Apart from the images, reproduce every record word for word.

··· LISTED ENTRIES ···

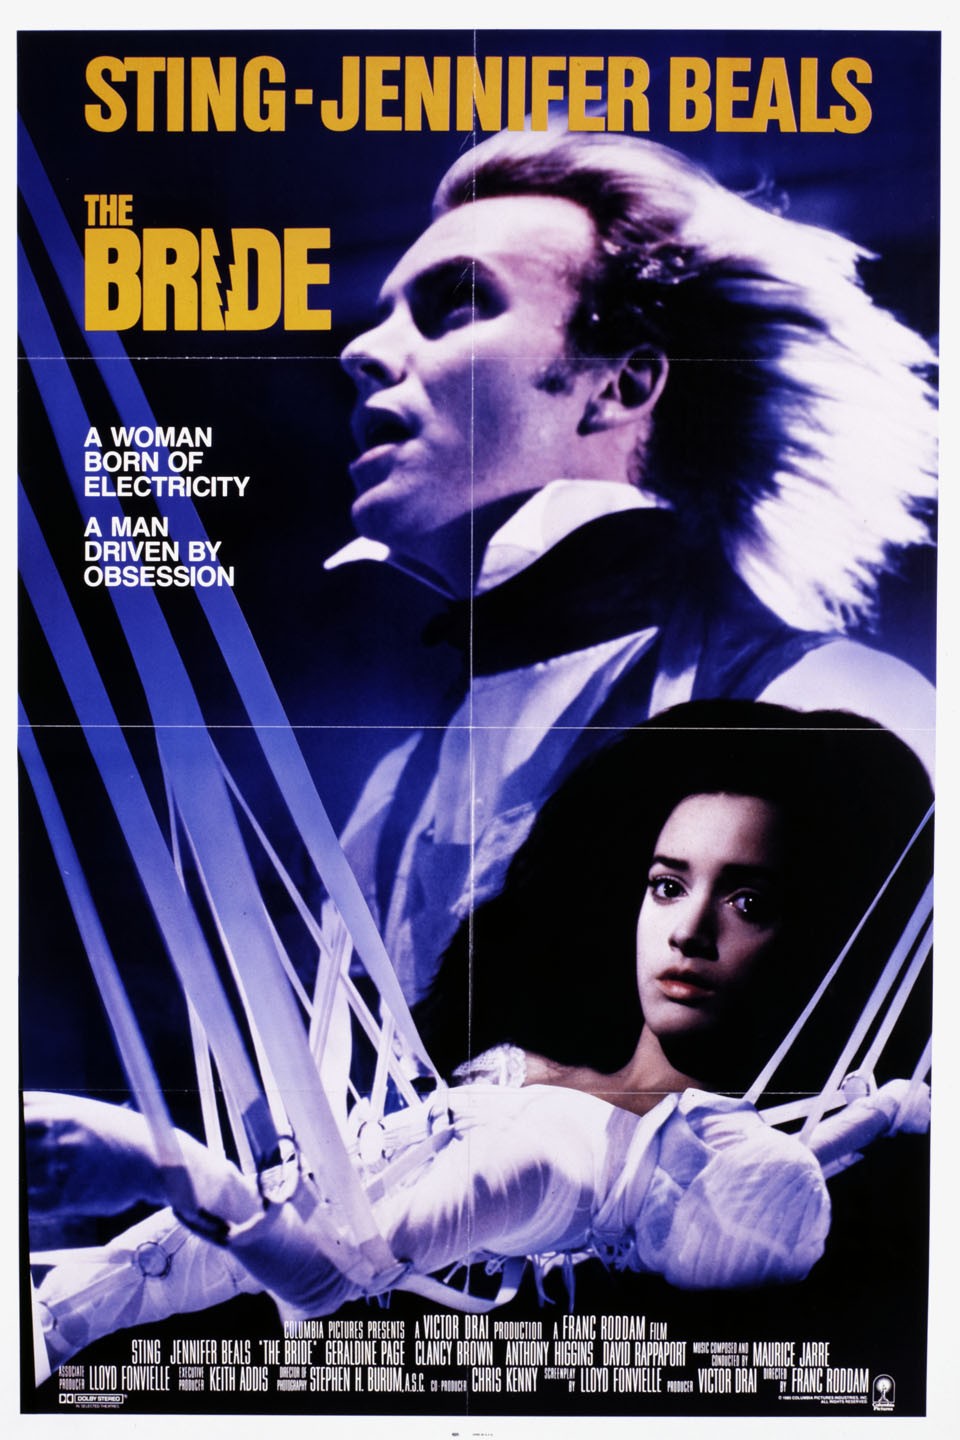 The Bride (1973 American film) - Wikipedia
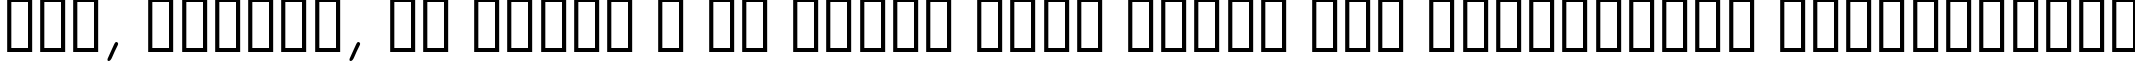 Пример написания шрифтом Sketchpad Note  Italic текста на украинском
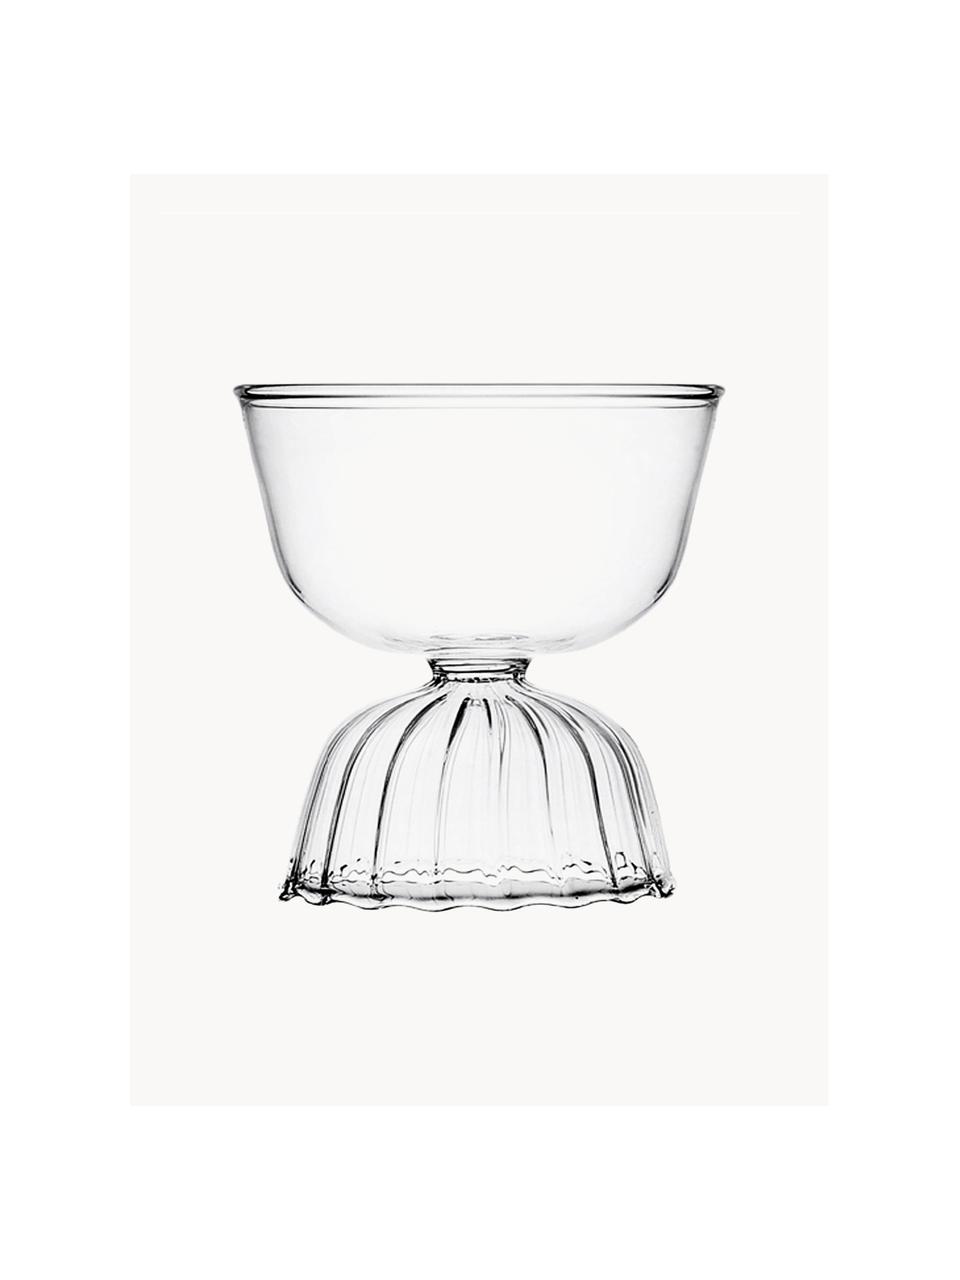 Handgefertigte Cocktailgläser Tutu, 2 Stück, Borosilikatglas, Transparent, Ø 10 x H 11 cm, 280 ml
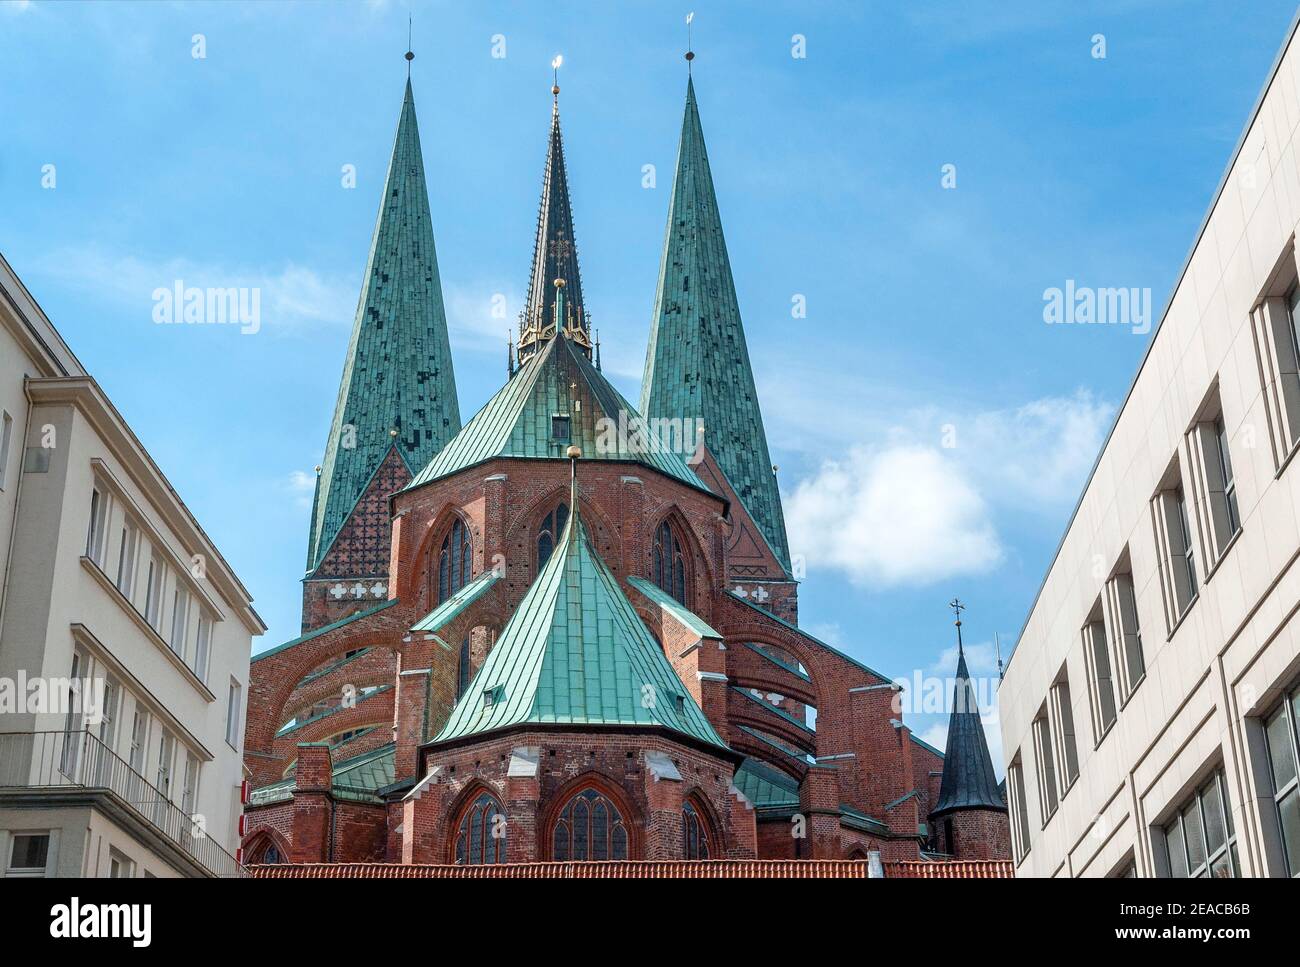 Allemagne, SH Schleswig-Holstein, ville hanséatique de Lübeck, Saint-Marien zu Lübeck de l'est, construit 1250-1350. Le Marienkirche de Lübeck est l'église mère du gothique de brique du nord de l'Allemagne avec la plus haute voûte de brique au monde. C'est un symbole de puissance et de prospérité dans la vieille ville hanséatique, également connue sous le nom de ville des sept tours. Banque D'Images
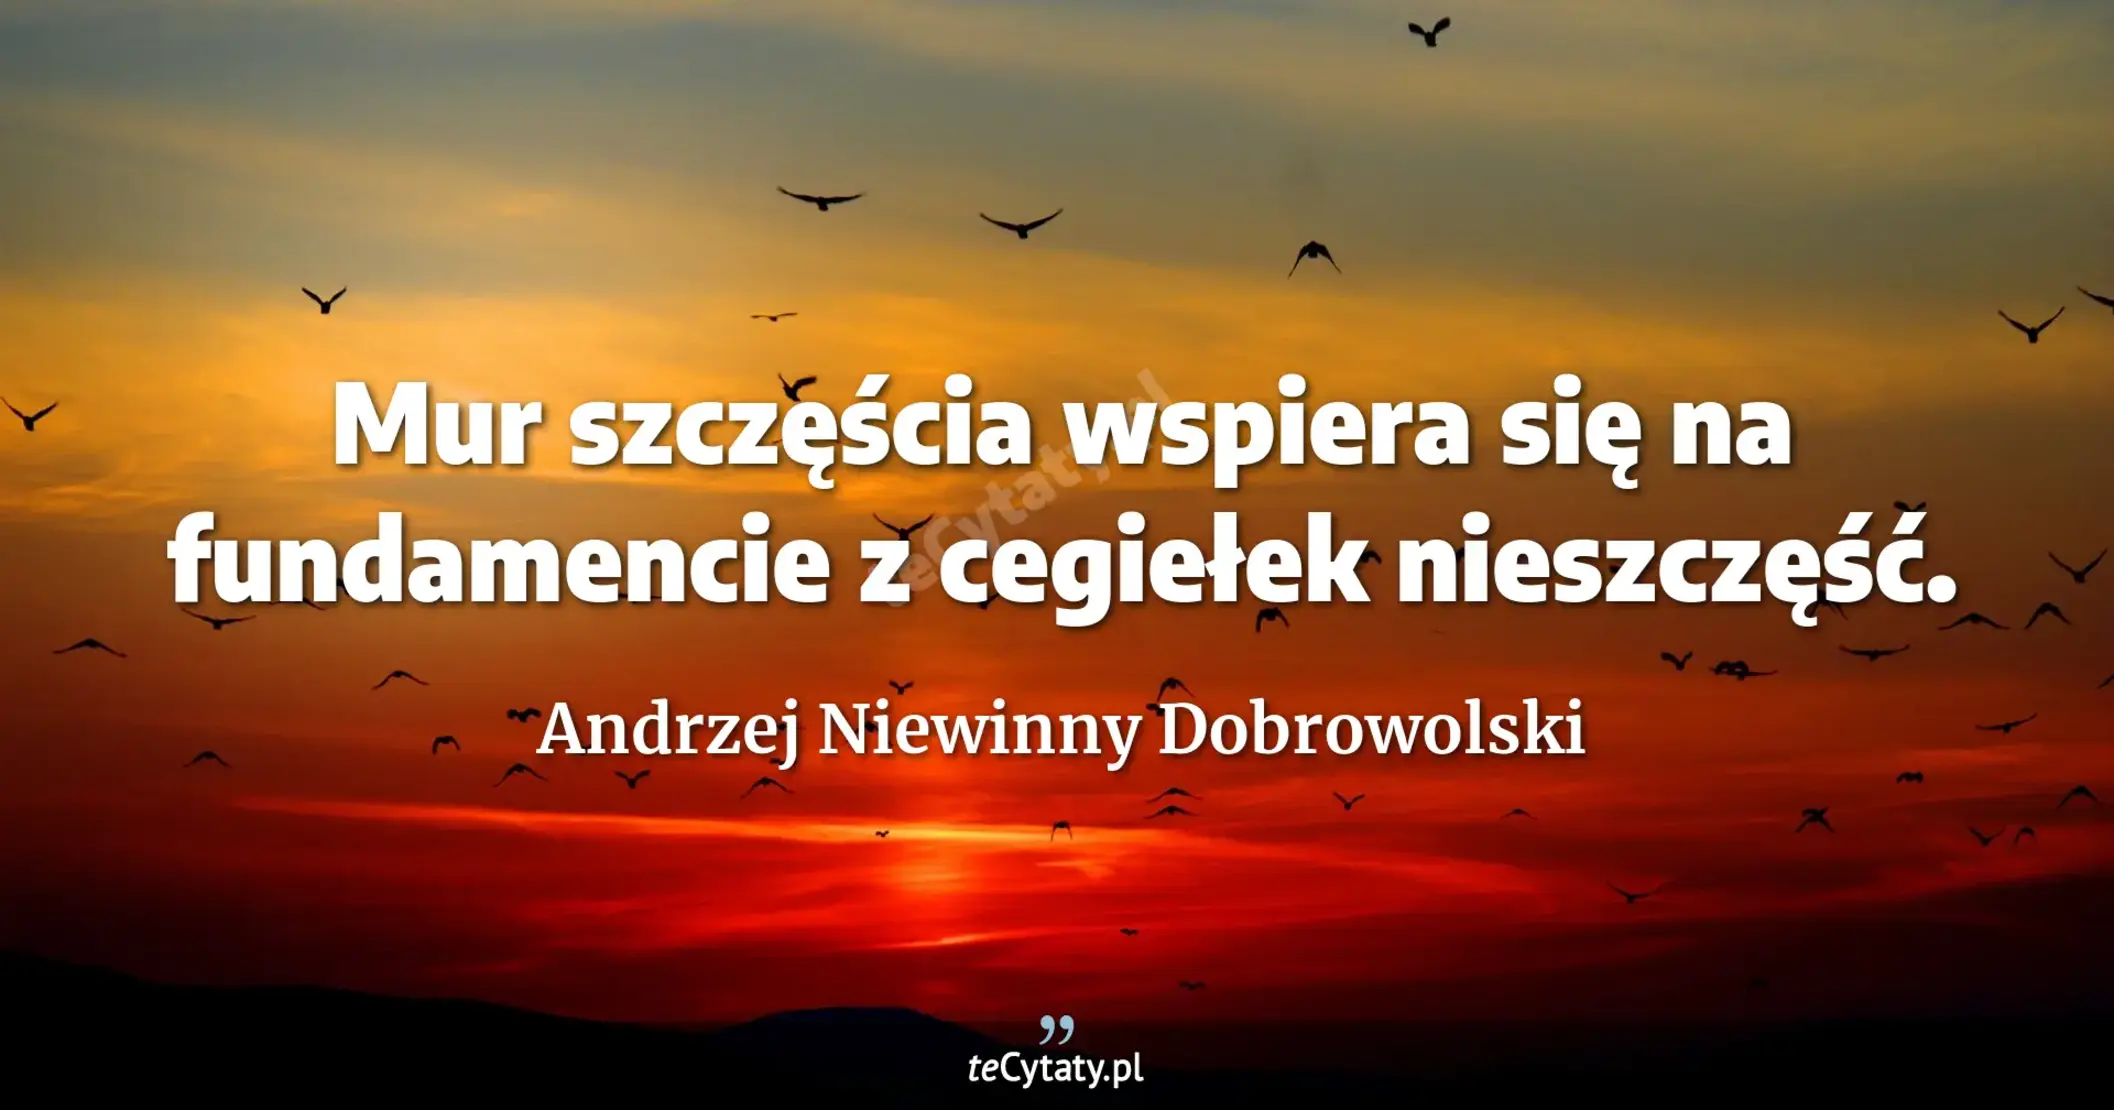 Mur szczęścia wspiera się na fundamencie z cegiełek nieszczęść. - Andrzej Niewinny Dobrowolski
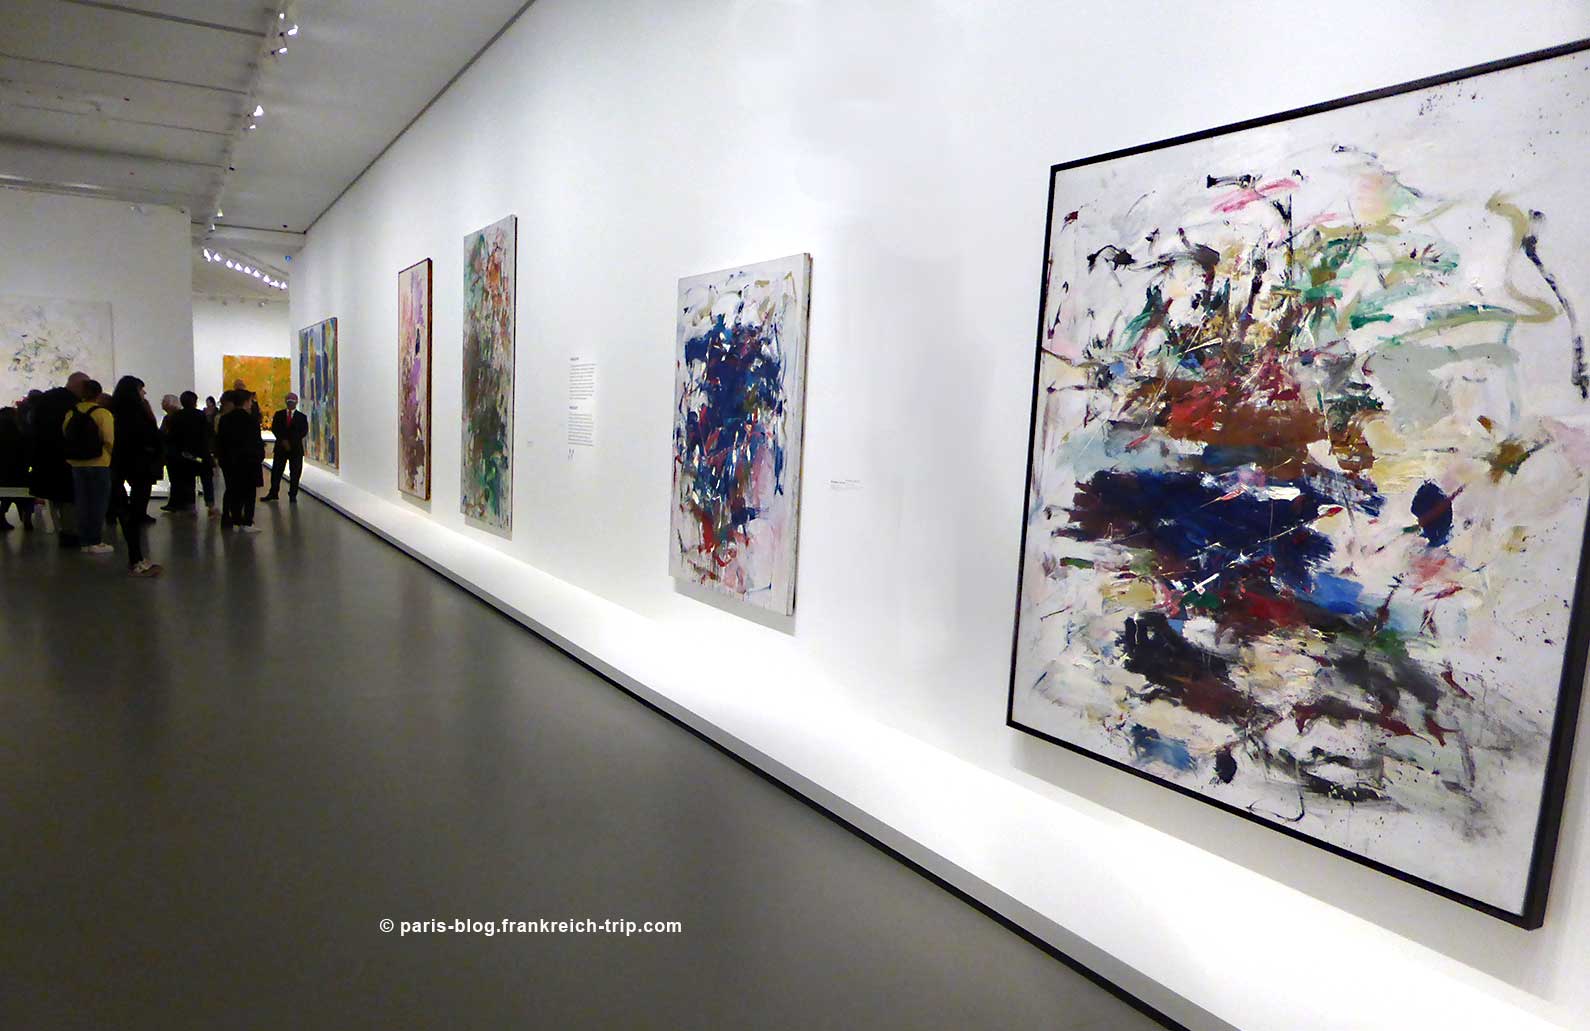 Die Ausstellung Monet - Mitchell in der Fondation Louis Vuitton

···

» **RESPONSE FOR THIS EXERCISE**:
 The Bride (1973 American film) - Wikipedia
 Пример написания шрифтом Sketchpad Note  Italic текста на украинском
 Handgefertigte Cocktailgläser Tutu, 2 Stück, Borosilikatglas, Transparent, Ø 10 x H 11 cm, 280 ml
 Allemagne, SH Schleswig-Holstein, ville hanséatique de Lübeck, Saint-Marien zu Lübeck de l'est, construit 1250-1350. Le Marienkirche de Lübeck est l'église mère du gothique de brique du nord de l'Allemagne avec la plus haute voûte de brique au monde. C'est un symbole de puissance et de prospérité dans la vieille ville hanséatique, également connue sous le nom de ville des sept tours. Banque D'Images
 Mur szczęścia wspiera się na fundamencie z cegiełek nieszczęść. - Andrzej Niewinny Dobrowolski
 Die Ausstellung Monet - Mitchell in der Fondation Louis Vuitton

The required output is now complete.